Transcription factors control gene expression in all life. This raises the question of what is the smallest protein that can support such activity. Recent advances in protein directed evolution, using continuous phage evolution allow us to probe such questions in a new way. We have developed a method of Phagemid-Assisted Continuous Evolution (PACEmid) where the link between a mutant protein's activity and phage replication in vivo, allows evolution to occur. The main advantages of using phagemids are to facilitate library screening and to prevent the evolution of "cheaters" by constantly replenishing phage helper plasmids and conditional selection plasmids. This allows us to evolve new functions such as minimal dual transcription factors in E. coli. In nature, Cro from bacteriophage λ is one of the smallest known repressors (66 amino acids; a.a.), whereas activators are typically much larger (e.g. λ cI, 237 a.a.). Indeed, previous efforts to engineer a minimal activator from λ Cro resulted in no activity in vivo, in cells. In this presentation, we show how PACEmid directed evolution results in a new Cro dual activator-repressor that functions as efficiently as λ cI, in vivo. We find that a peptide as small as 63 a.a. functions efficiently as a transcription factor. To our knowledge, this is the smallest protein activator that enables polymerase recruitment, highlighting the capacity of transcription factors to evolve from very short peptide sequences.

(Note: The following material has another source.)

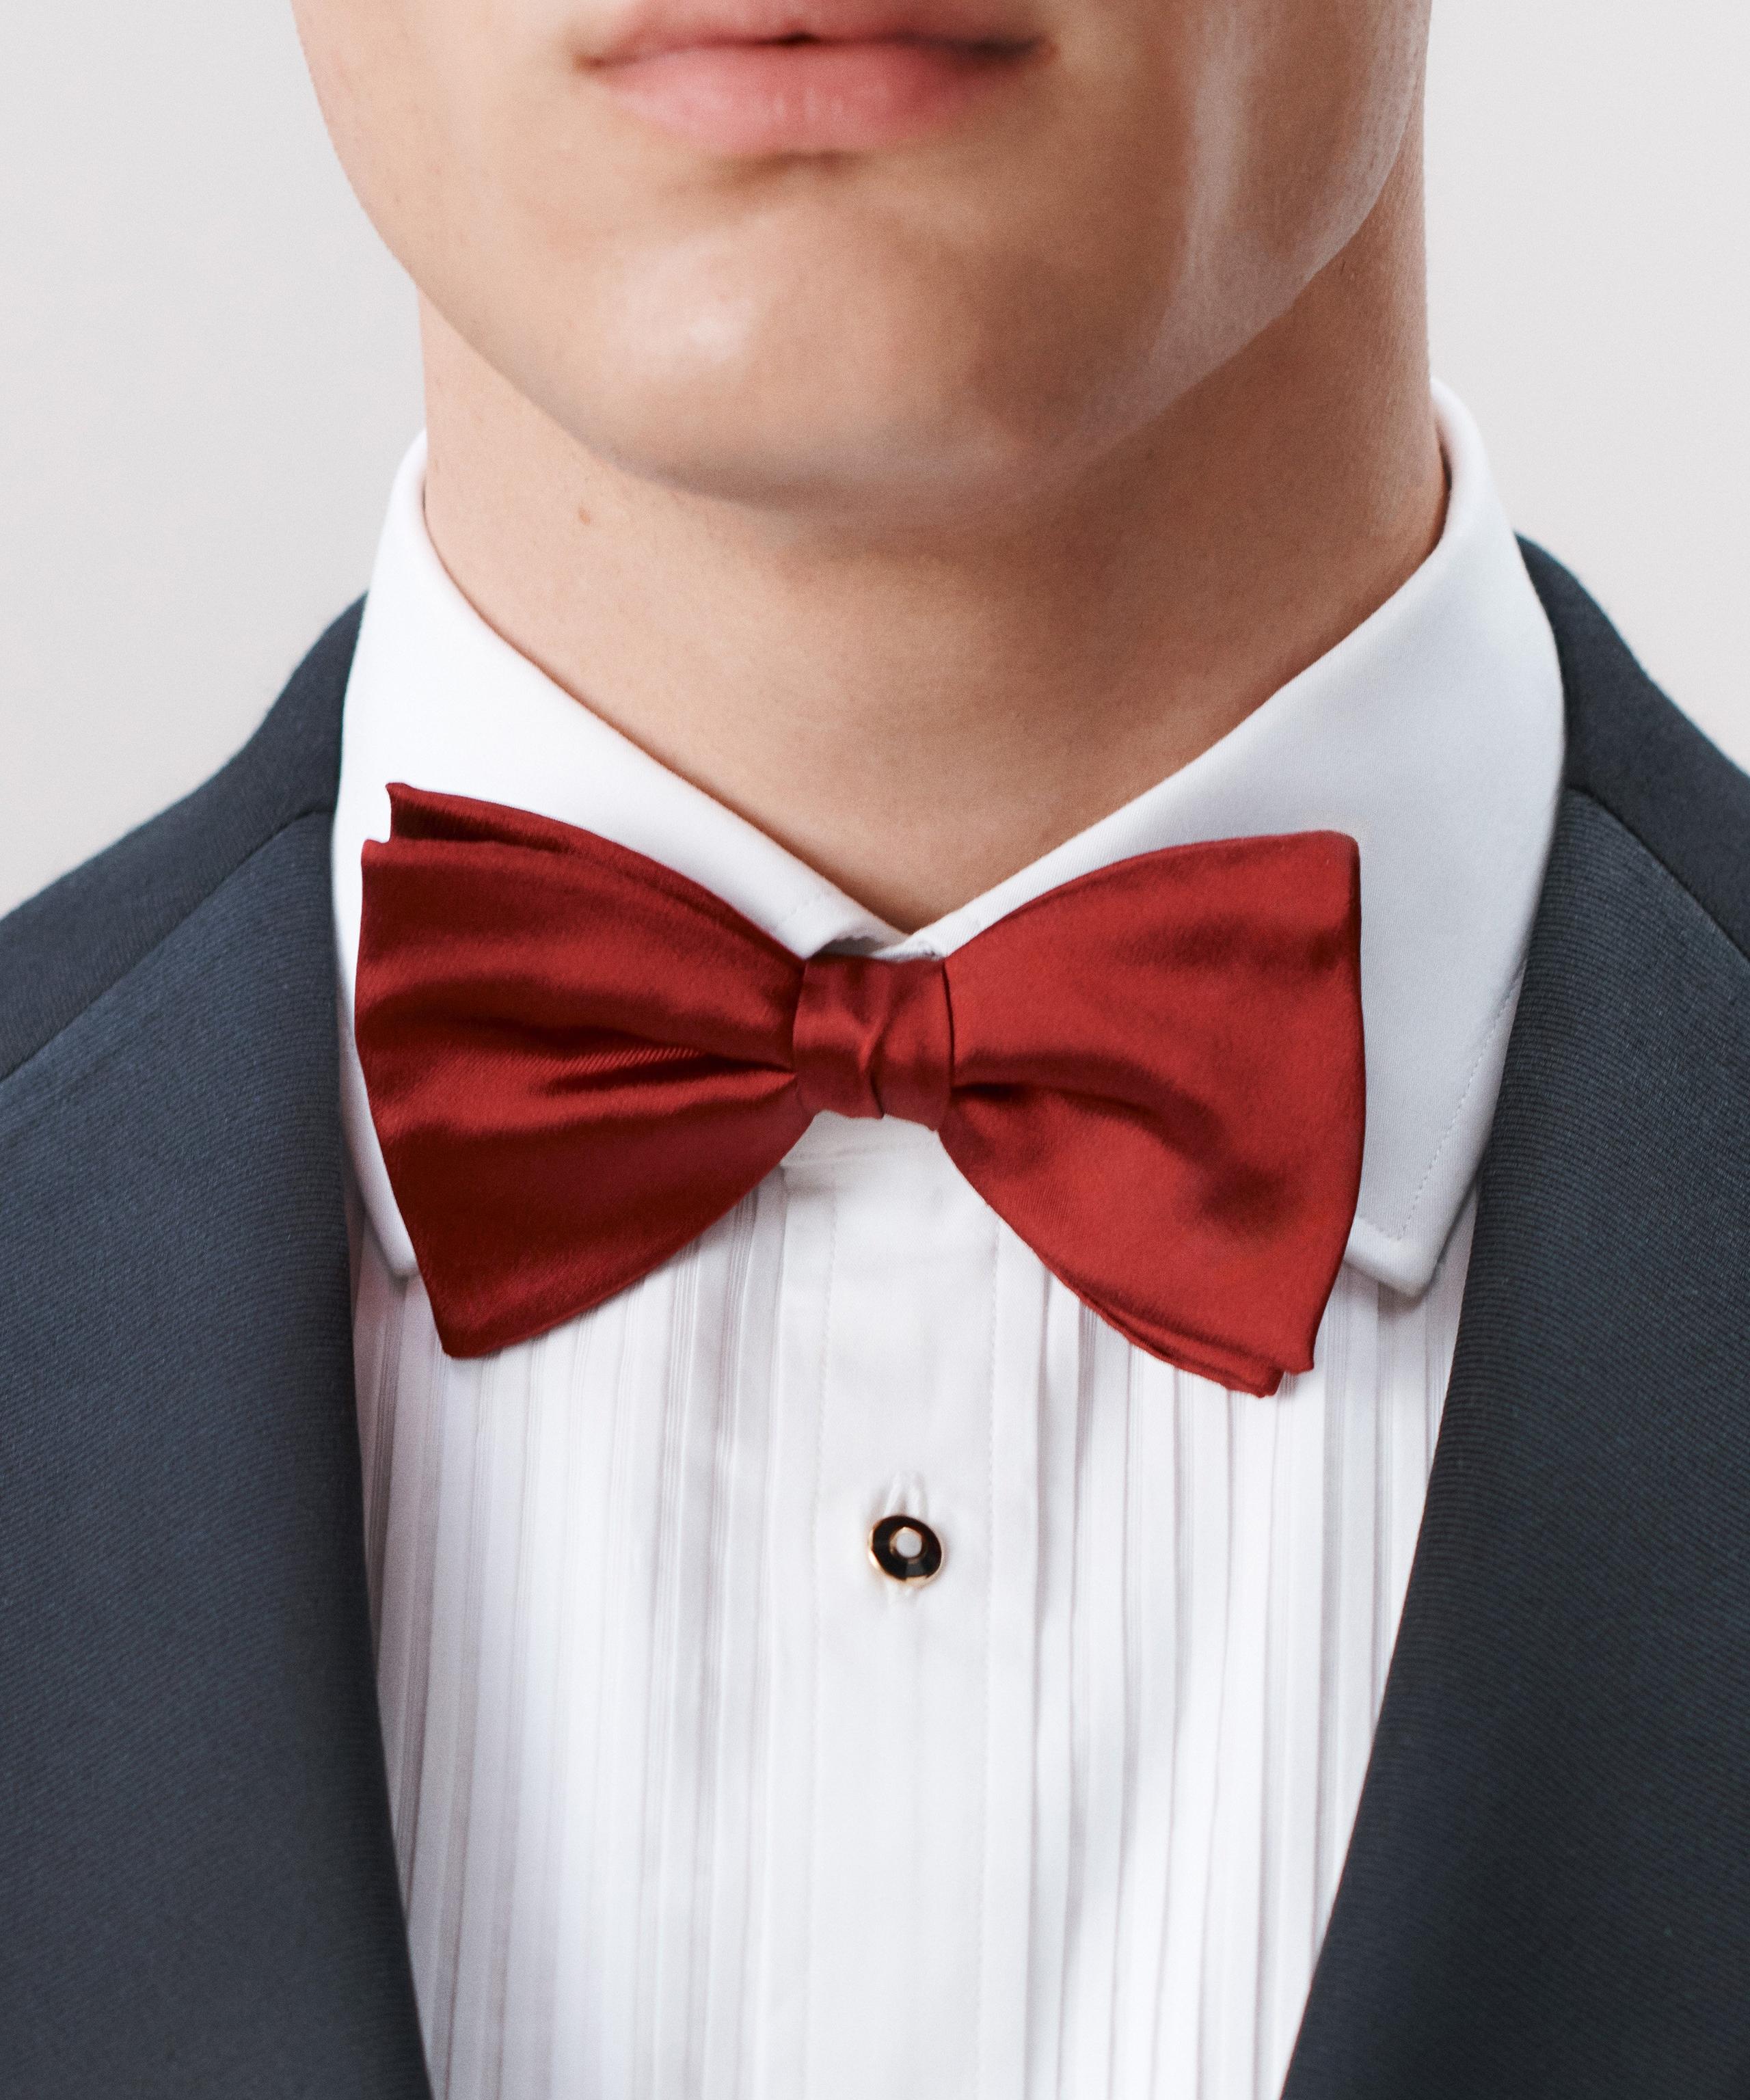 A close up of a man wearing a black evening jacket, white evening shirt with a red bow tie

Mark Isalan carried out a Ph.D. in engineering zinc fingers to bind new DNA sequences at the MRC LMB, in the University of Cambridge UK,1996-2000. This work was supervised by Prof. Sir Aaron Klug, OM, FRS, and continued postdoctorally from 2000-2002 at Gendaq Ltd, UK (now owned by Sangamo Biosciences, Richmond CA). The work ultimately contributed to the CompoZr zinc finger nucleases now available commercially from Sigma Aldrich. From 2002-2006 Dr. Isalan was awarded a Wellcome Trust International Research Fellowship to carry out research on engineering artificial gene networks in Prof. Luis Serrano's group at the EMBL Heidelberg, Germany. From 2006-2013 he was a group leader at the EMBL-CRG Systems Biology Unit in Barcelona, specialising in synthetic gene network engineering. He moved to Imperial College London in 2013 and continues to work in protein and gene network engineering, aiming to design biological systems that behave predictably and robustly.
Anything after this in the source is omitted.